Потом я уехала учиться в большой город. А они не приходили. Я с завистью смотрела на подружек, которые ходили бледные, с измученными лицами и старались присесть при каждом удобном случае. Я им завидовала, мне было уже двадцать лет. А они не приходили. Вот так и начиналась. Она. Жизнь моя.
— Если бы я стала матерью, а я так и не стала нормальной матерью… Вот вы когда-то ушли, а сегодня появились вновь, и всё осталось на своих местах. Вот что значит вечность.

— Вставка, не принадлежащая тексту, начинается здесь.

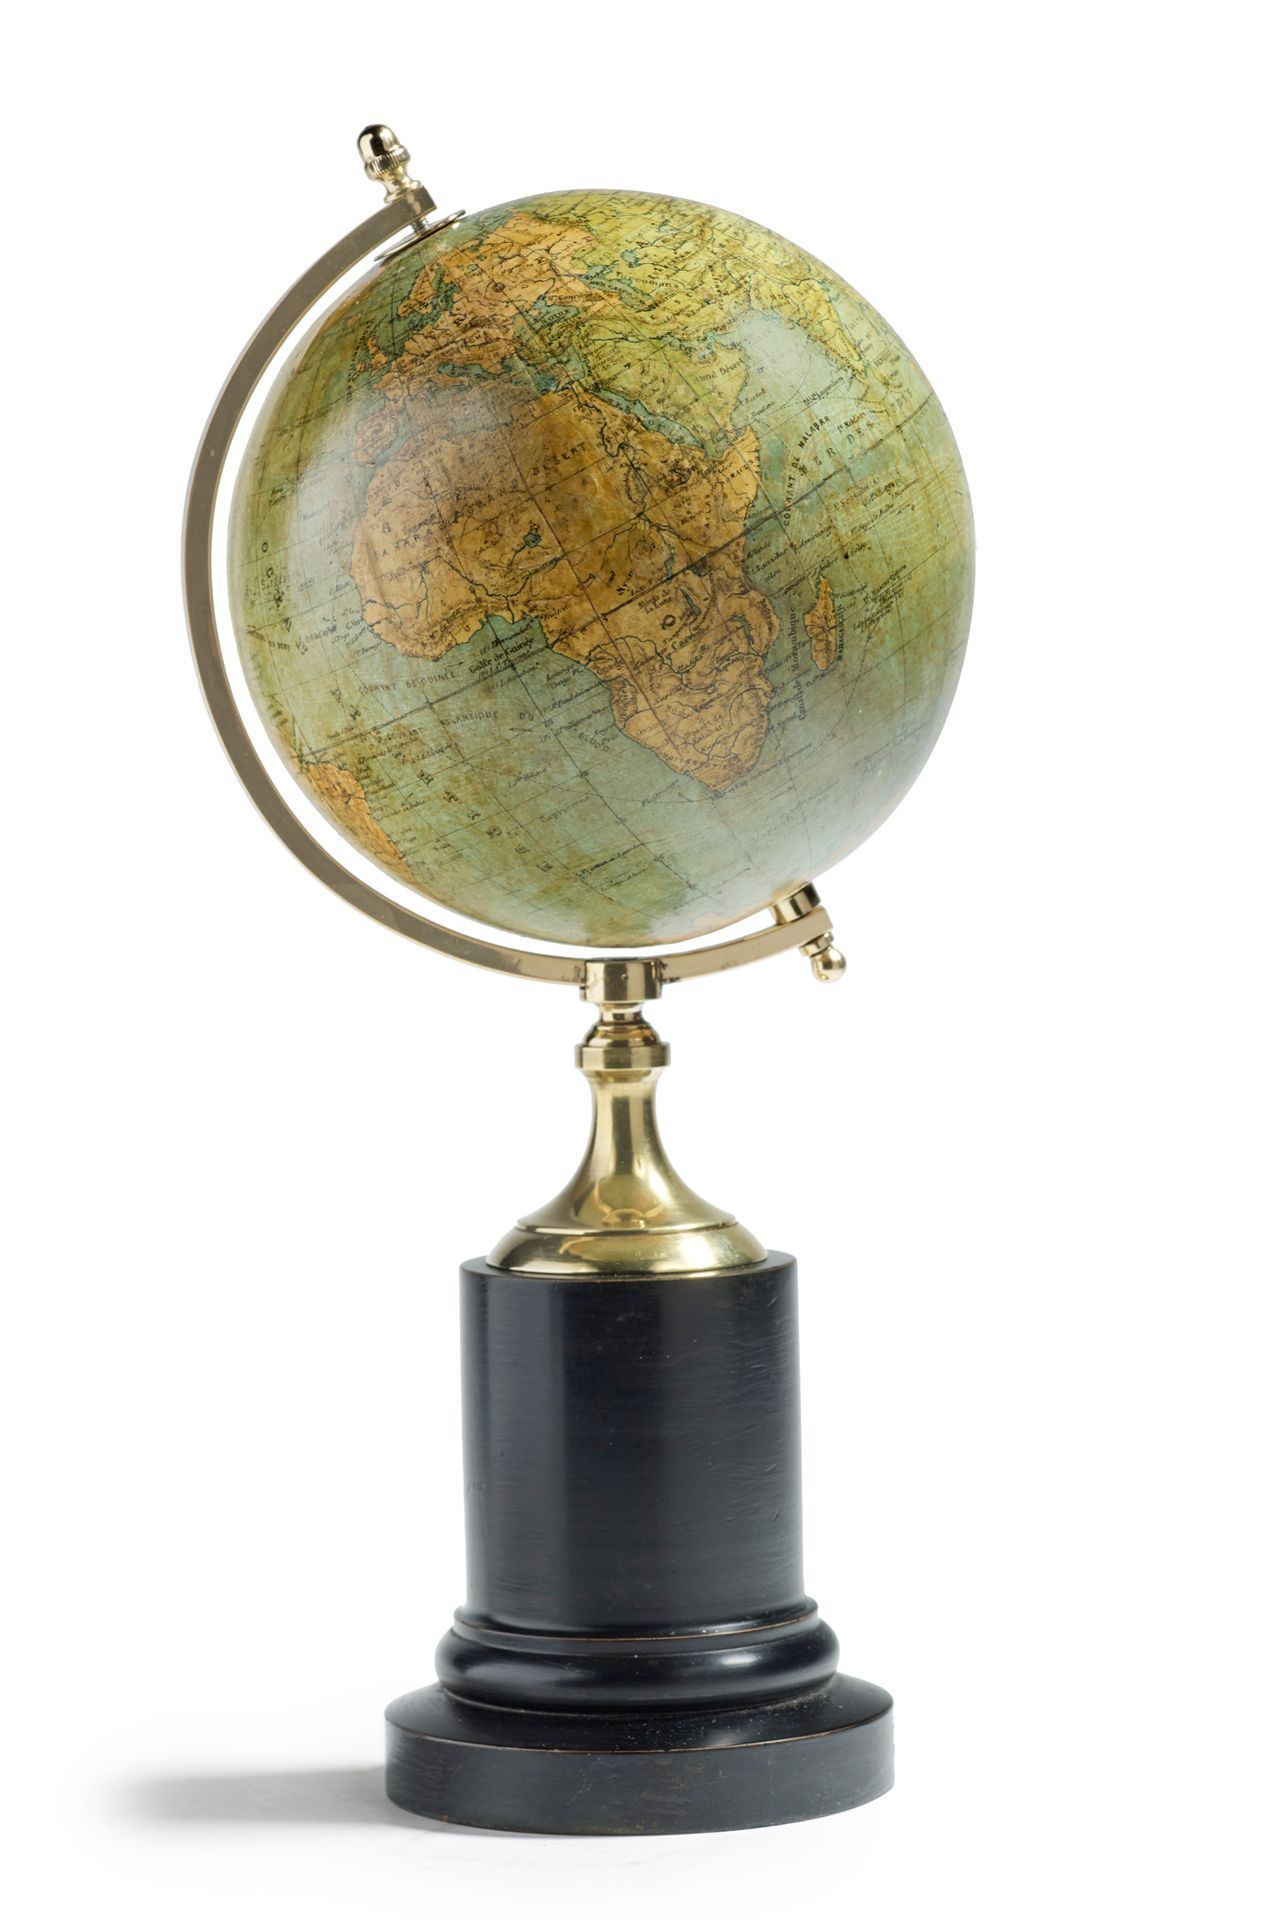 Null Globus
Halbmeridianfassung aus Messing auf einem schwarzen Holzfuß. In eine&hellip;

— В жизни должно быть всё интересно: живое и неживое, движущееся и застывшее.
— Ежели желаете, могу предложить чай, единственное растение в моем доме.
— Буду благодарен.
— Я уже давно нахожусь в приличном возрасте и теперь отлично понимаю монахов, которые могли часами рассуждать о правилах семейной и супружеской жизни. Мои выводы оказались простыми. Они имели возможность слушать, видеть и думать.